However, technical solutions such as OPAL are inadequate without human-centric governance. There must be user-centric data ownership and management as well as the development of secure and privacy-preserving machine learning algorithms; the deployment of transparent and accountable algorithms; and the introduction of machine learning fairness principles and methodologies to overcome biases and discriminatory effects. Humans must be placed at the center of the discussion as humans are ultimately both the actors and the subjects of the decisions made via algorithmic means. If we are able to ensure that these requirements are met, we should be able to realize the positive potential of AI-driven decision-making while minimizing the risks and possible negative unintended consequences on individuals and on the society as a whole.

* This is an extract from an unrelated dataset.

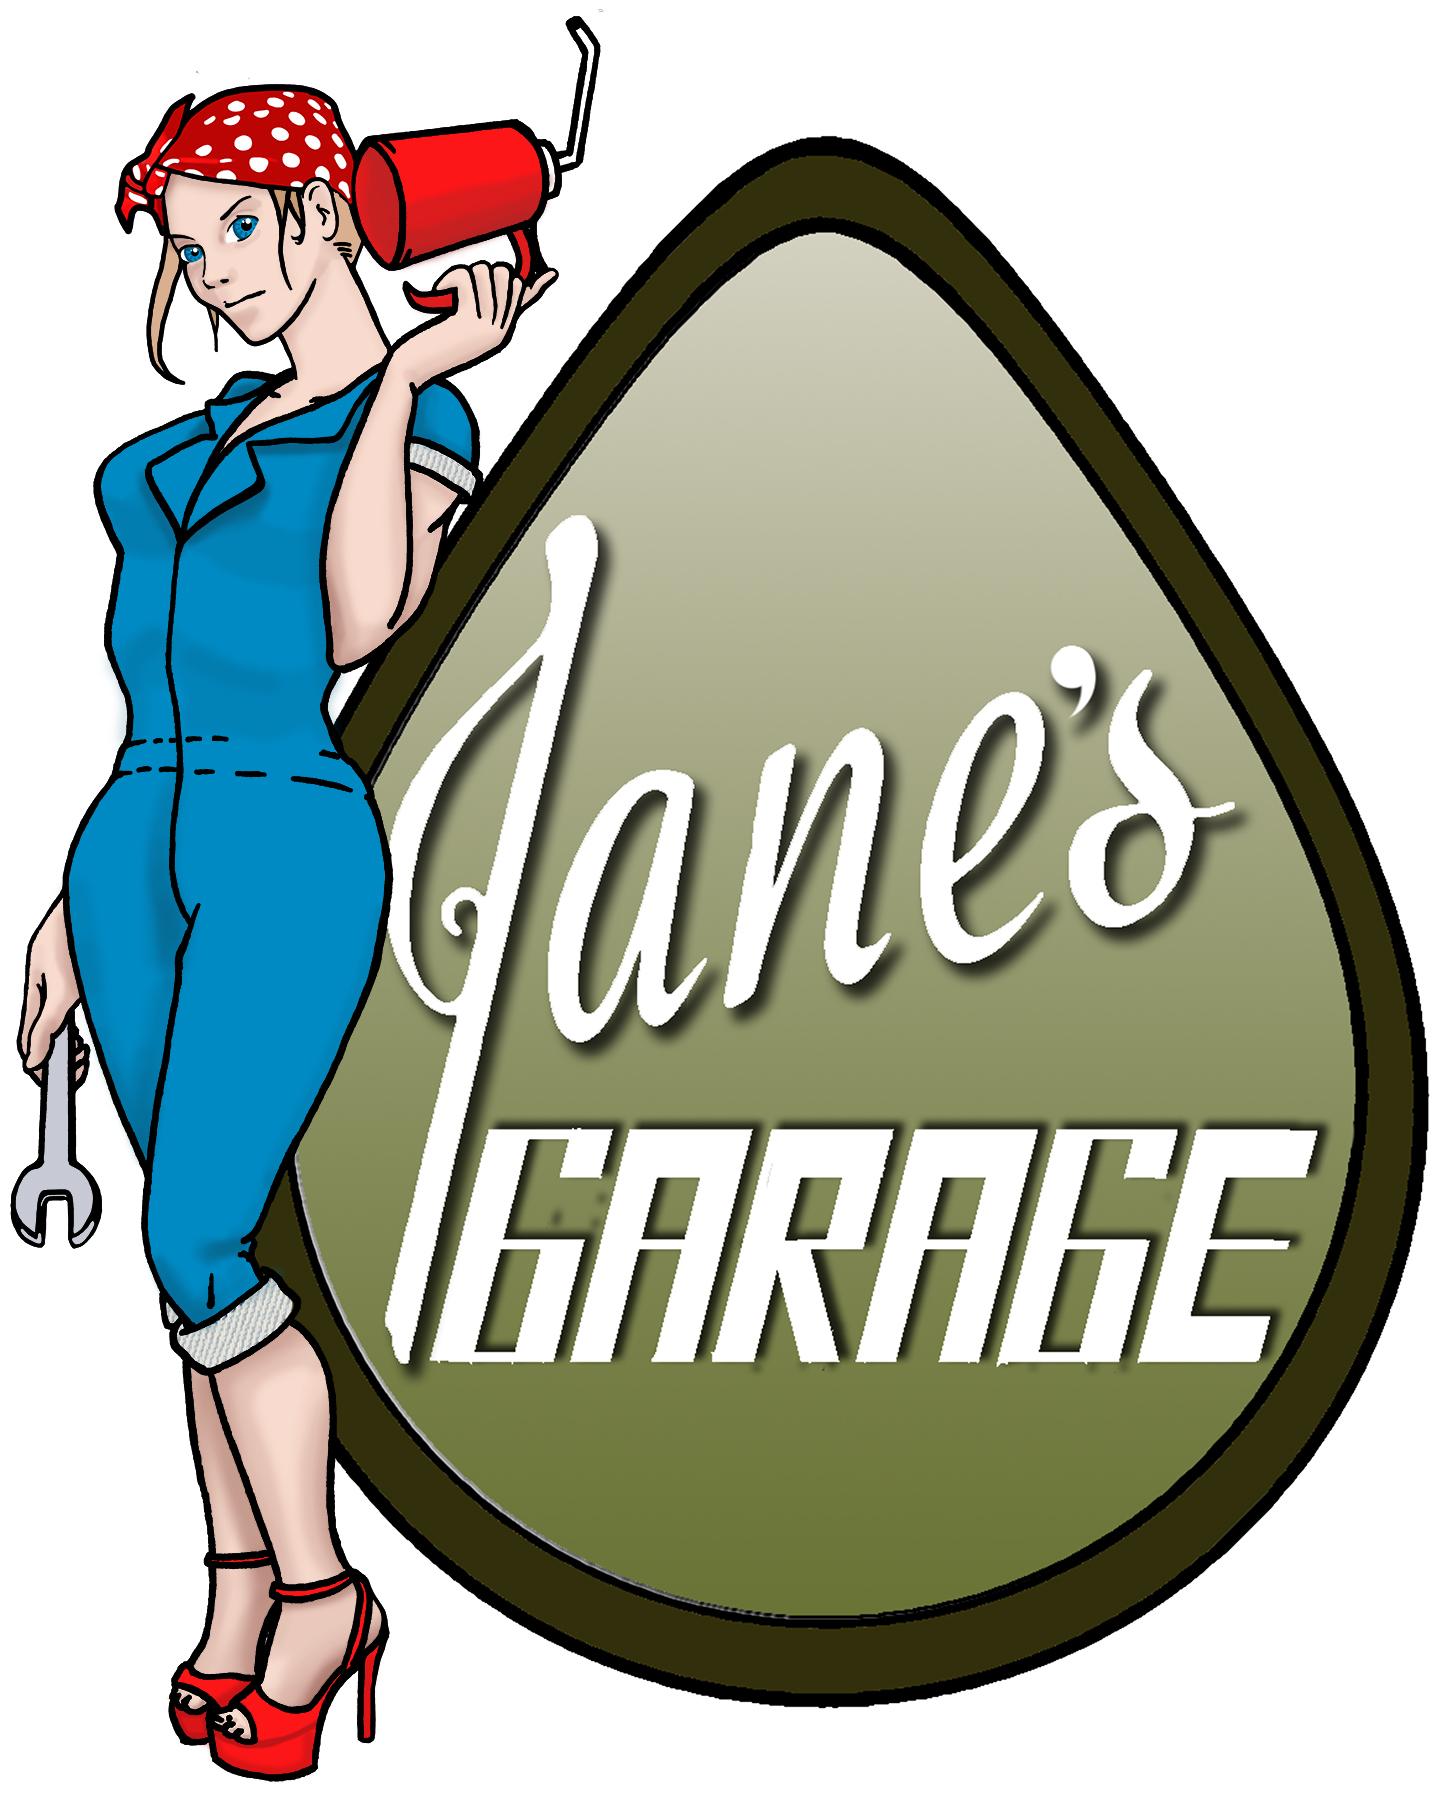 Jane's Garage LLC image 2

This book has argued that the best way to achieve human-centric governance is through the notion of a data cooperative, which is a voluntary collaborative agreement by individuals that their personal data may be used to derive insights for benefit of their community. These insights can be in the form of simple maps or statistics, or generated by state-of-the-art AI methods. Importantly, a data cooperative does not require that individuals give up ownership of their data, only that their data may be used for specific, agreed-upon uses.

There are several key aspects of a data cooperative. First of all, a data cooperative member has legal ownership of her/his data: this data can be collected into her/his Personal Data Store (PDS) [3] and s/he can add and remove data from the PDS as well as suspend access to the data repository. Members have the option to maintain their single or multiple Personal Data Stores at the cooperative or in private data servers.

However, if the data store is hosted at the cooperative, then data protection (e.g. data encryption) and curation are performed by the cooperative itself for the benefit of its members. Moreover, the data cooperative has a legal fiduciary obligation to its members: [4] this means that the cooperative organization is owned and controlled by the members. Finally, the ultimate goal of the data cooperative is to benefit and empower its members. As highlighted in previous Chapters of this book, credit and labor unions can provide an inspiration for data cooperatives as collective institutions able to represent the data rights of individuals.

Such personal data platform cooperatives are a means for avoiding asymmetries and inequalities in the data economy and realizing the concept of property owning democracy, introduced by the political and moral philosopher John Rawls [5] In particular, Loi et al. [6] argue that a society characterized by multiple personal data platform cooperatives is more likely to realize the Rawls’ principle of fair equality of opportunity, where individuals have equal access to the resources – data in this case – needed to develop their talents.

The Data Cooperative Ecosystem

The data cooperative ecosystem is summarized in Figure 1. The main entities are the (i) data cooperative as a legal entity, (ii) the individuals who make-up the membership and elect the leadership of the cooperative, and (iii) the external entities who interact with the data cooperative, referred to as queriers. The cooperative as an organization may choose to operate its own IT infrastructure or choose to outsource these IT functions to an external operator or IT services provider. In the case of outsourcing, the service level agreement (SLA) and contracts must include the prohibition for the operators to access or copy the member’s data. Furthermore, the prohibition must extend to all other third-party entities from which the outsourcing operator purchases or subcontracts parts if its own services.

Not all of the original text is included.